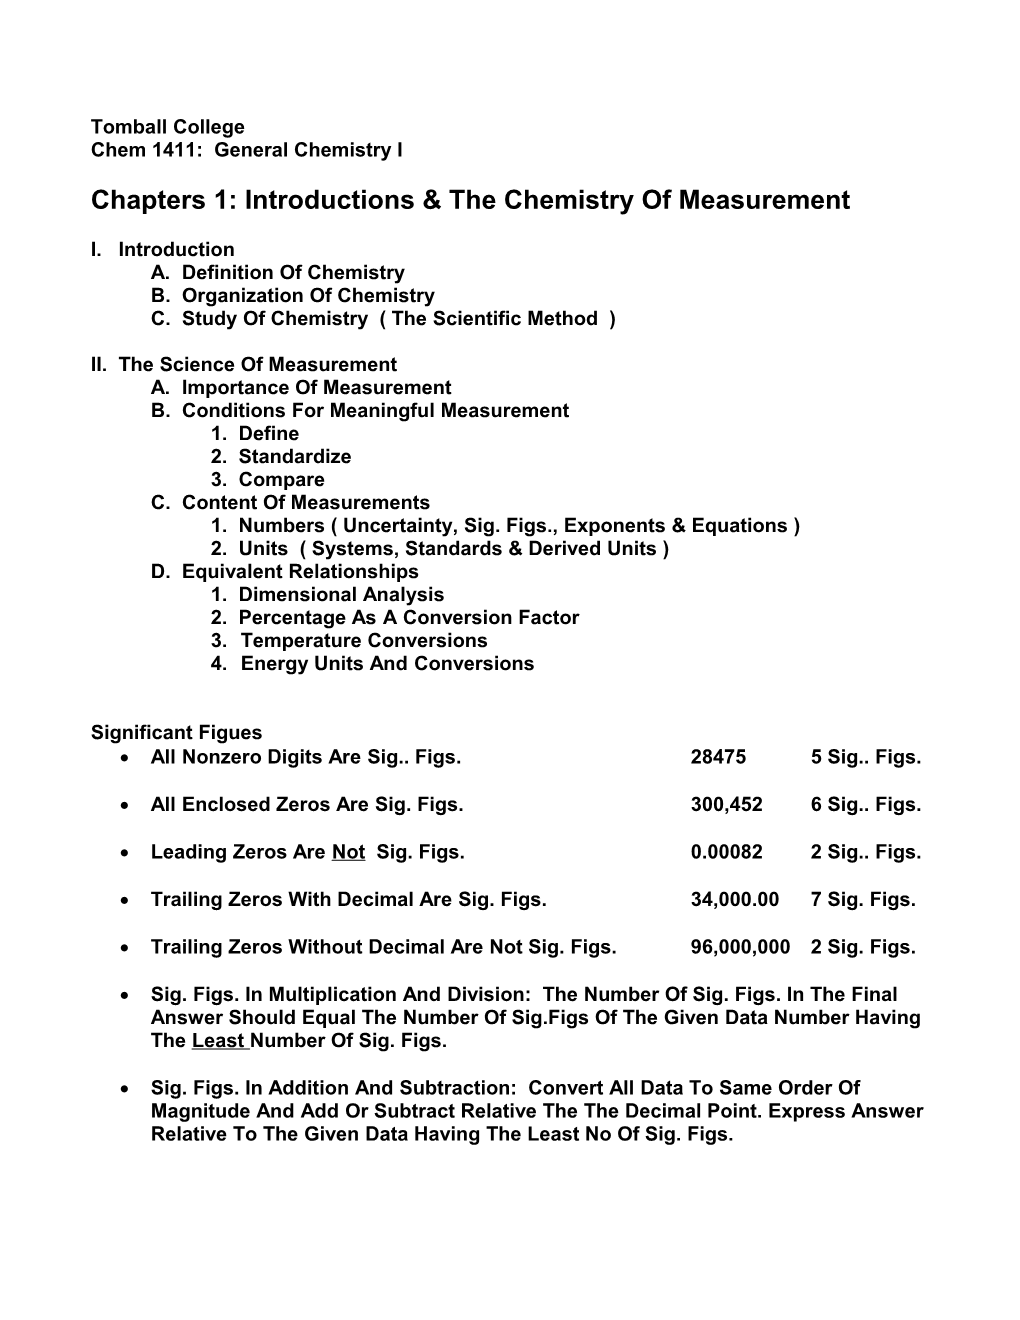 Chapters 1: Introductions & the Chemistry of Measurement
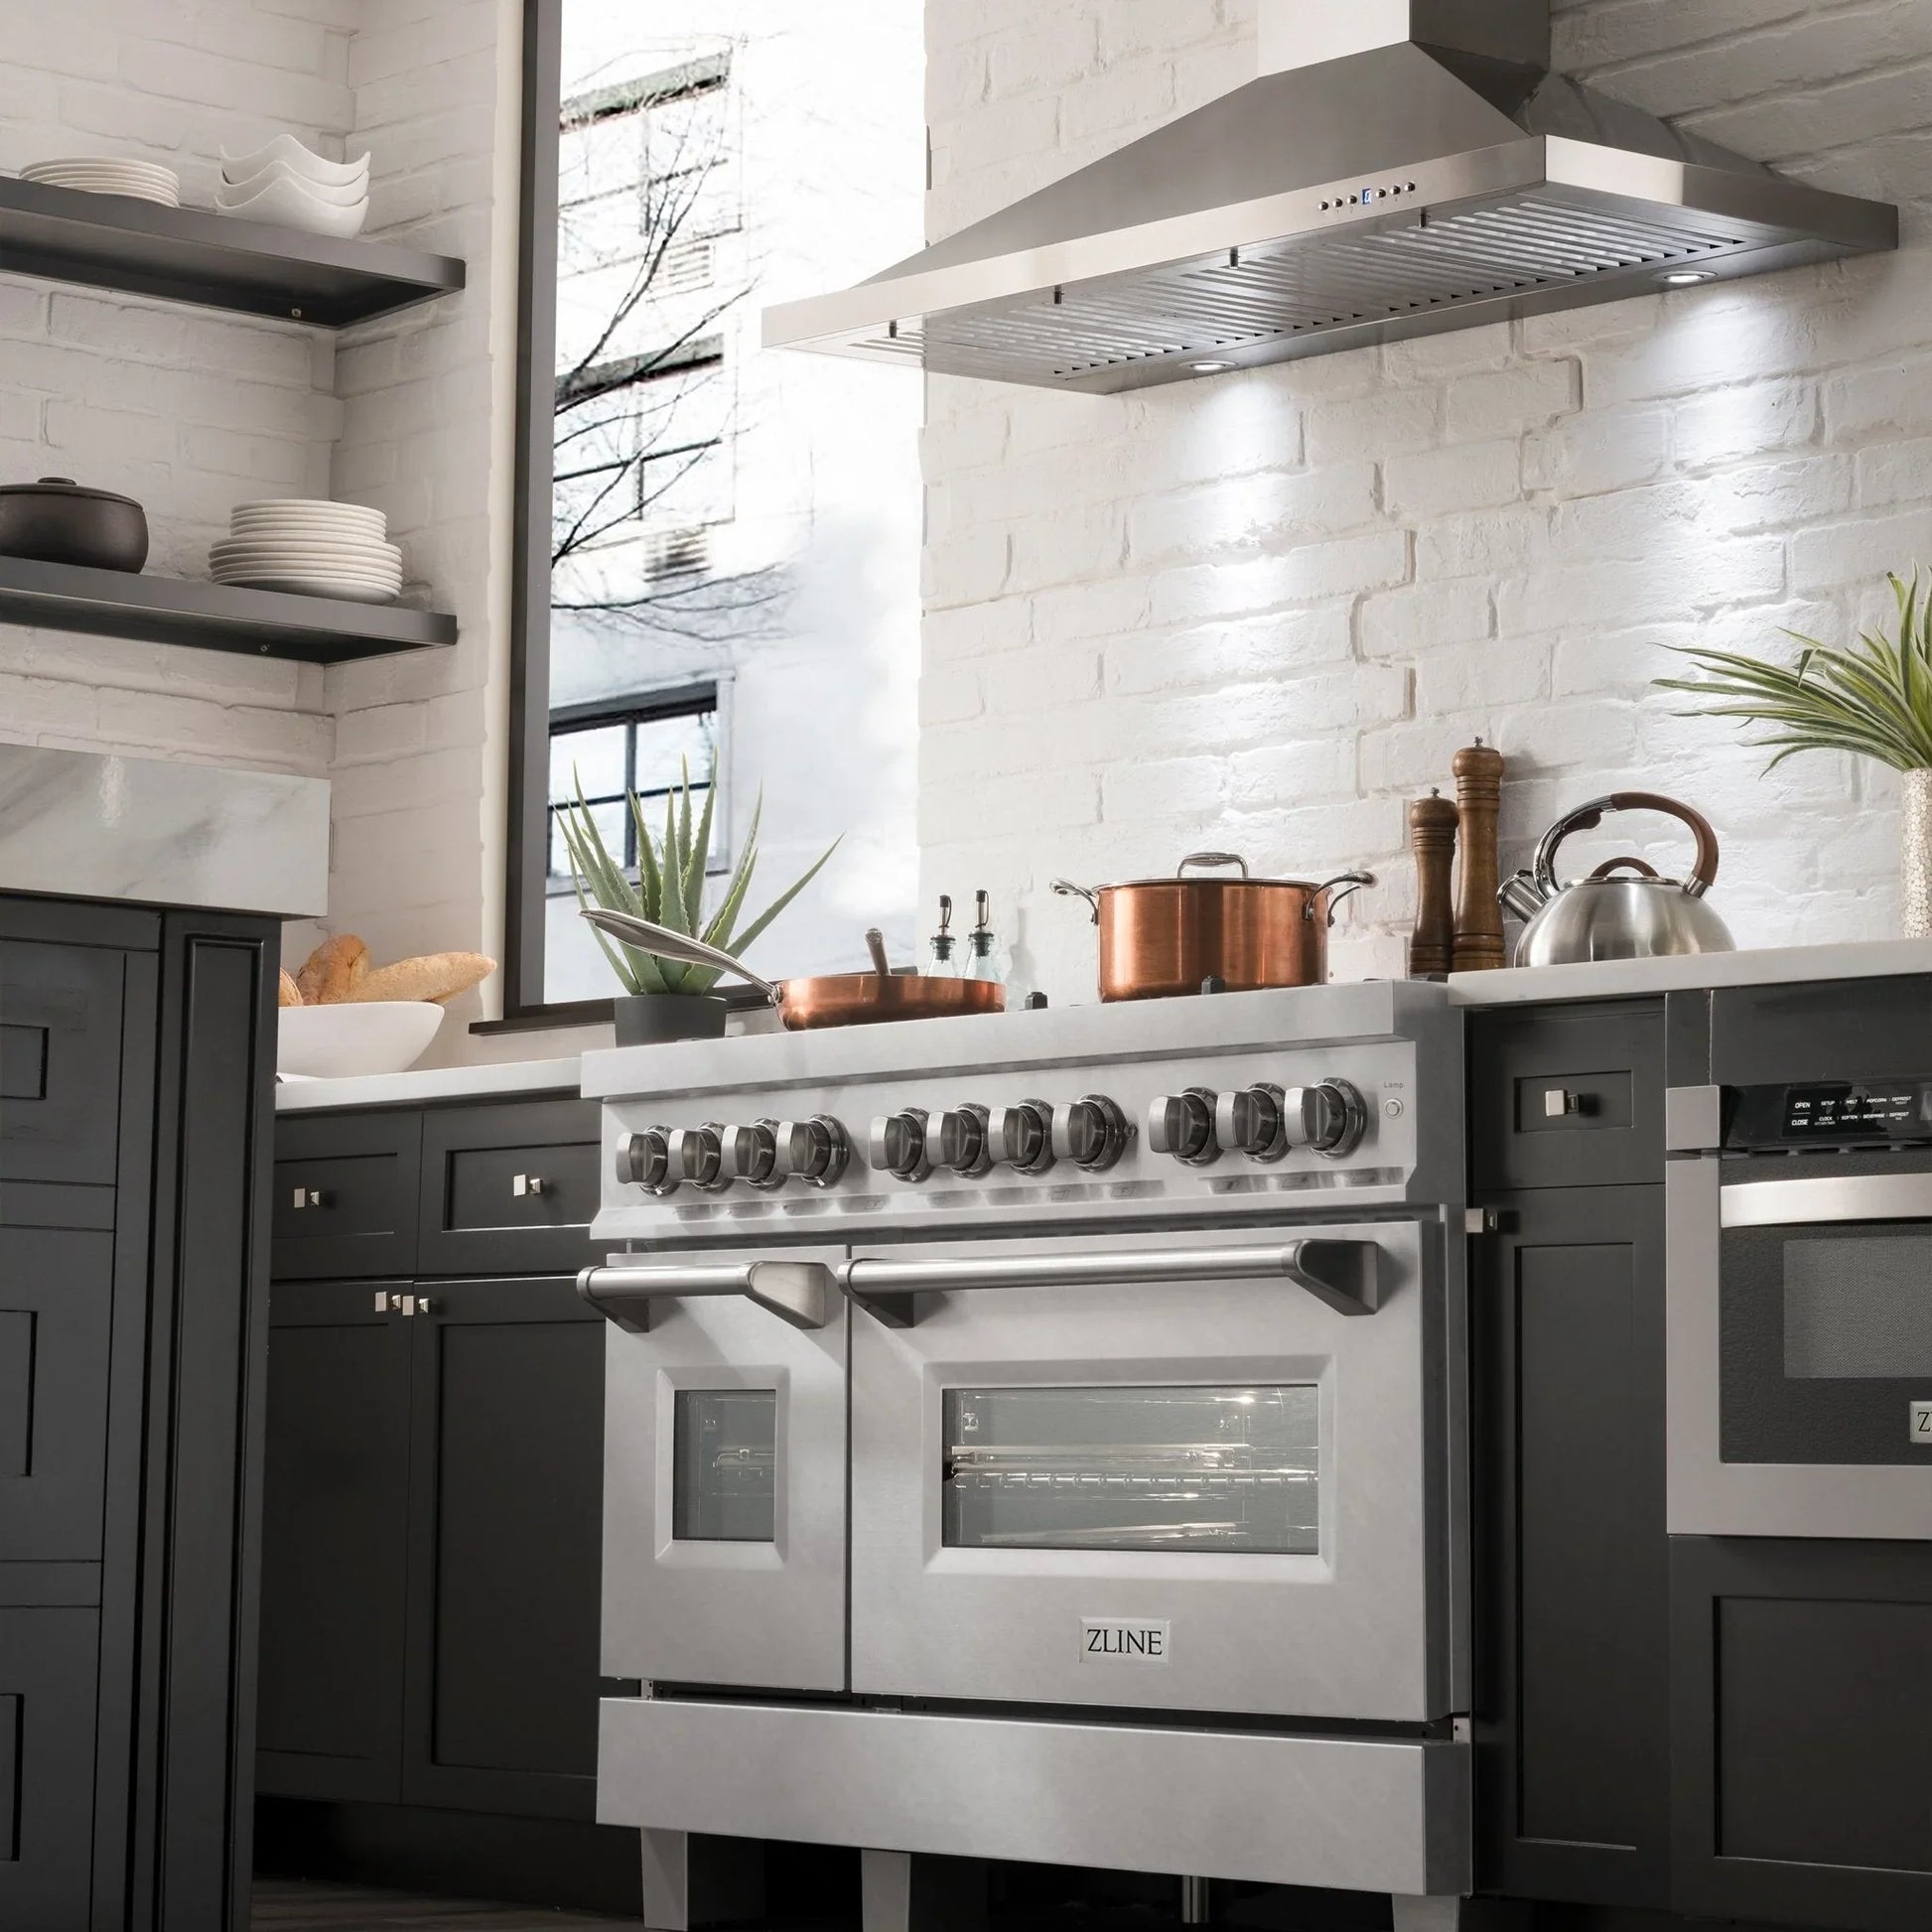 ZLINE 48" Dual Fuel Range with Gas Stove and Electric Oven - Fingerprint Resistant Stainless Steel
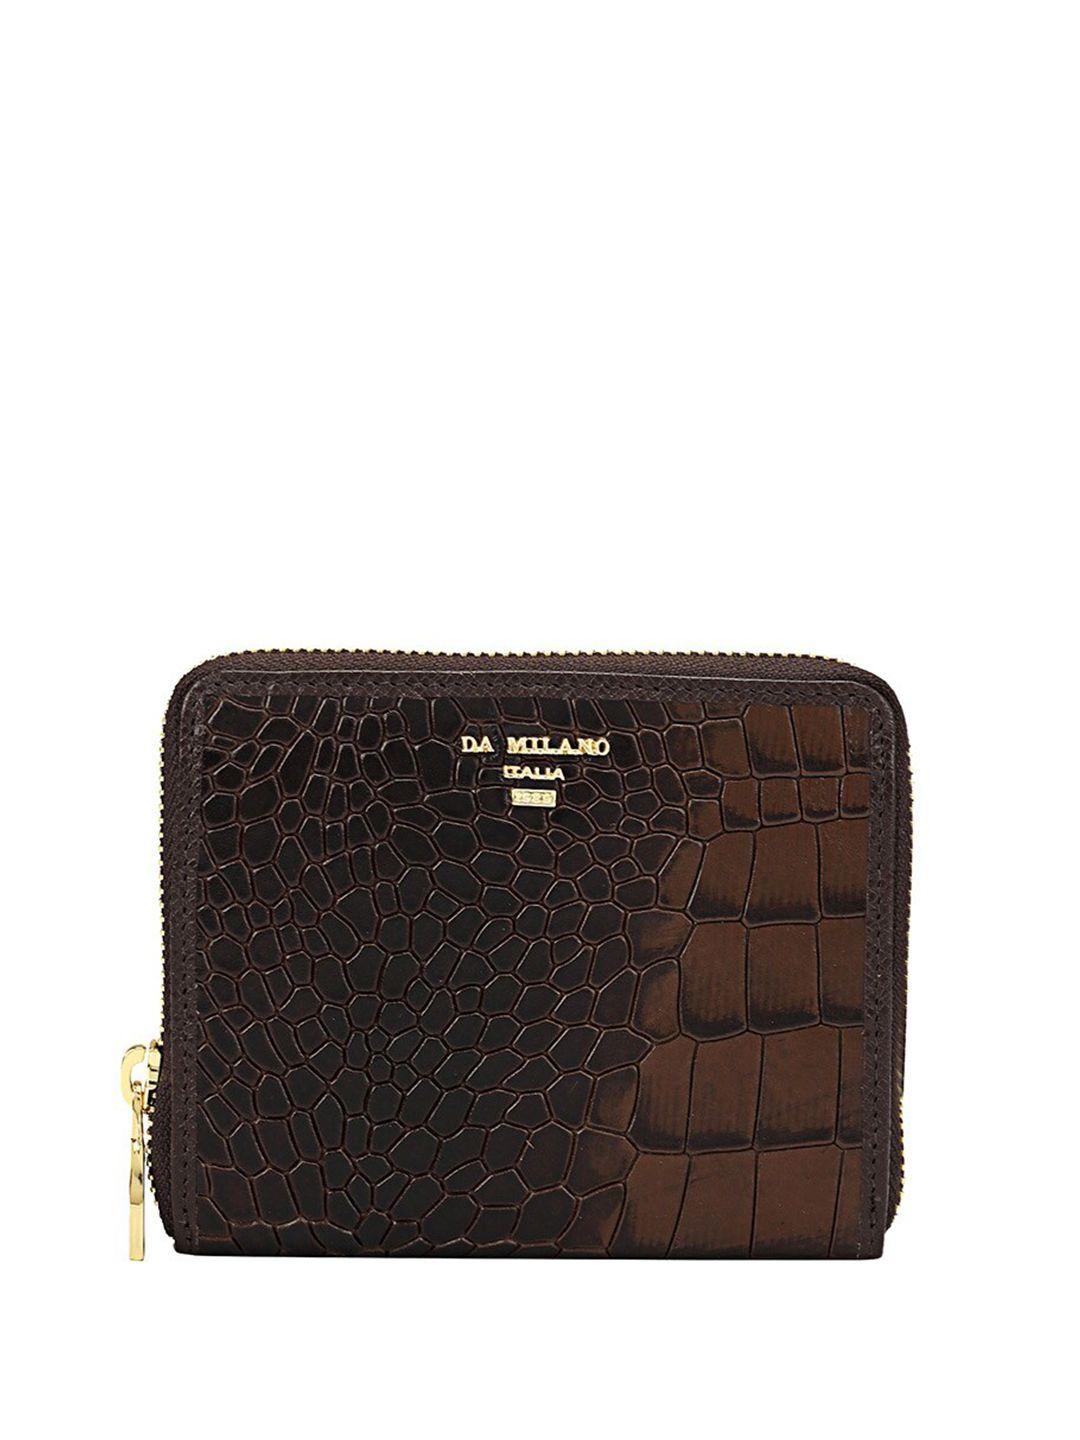 da milano women brown textured leather two fold wallet

**Task brief:** The data must come back word for word, with every picture removed.

**Result below:**
 Chapters 1: Introductions & the Chemistry of Measurement
 ZLINE 48" Dual Fuel Range with Gas Stove and Electric Oven - Fingerprint Resistant Stainless Steel
 da milano women brown textured leather two fold wallet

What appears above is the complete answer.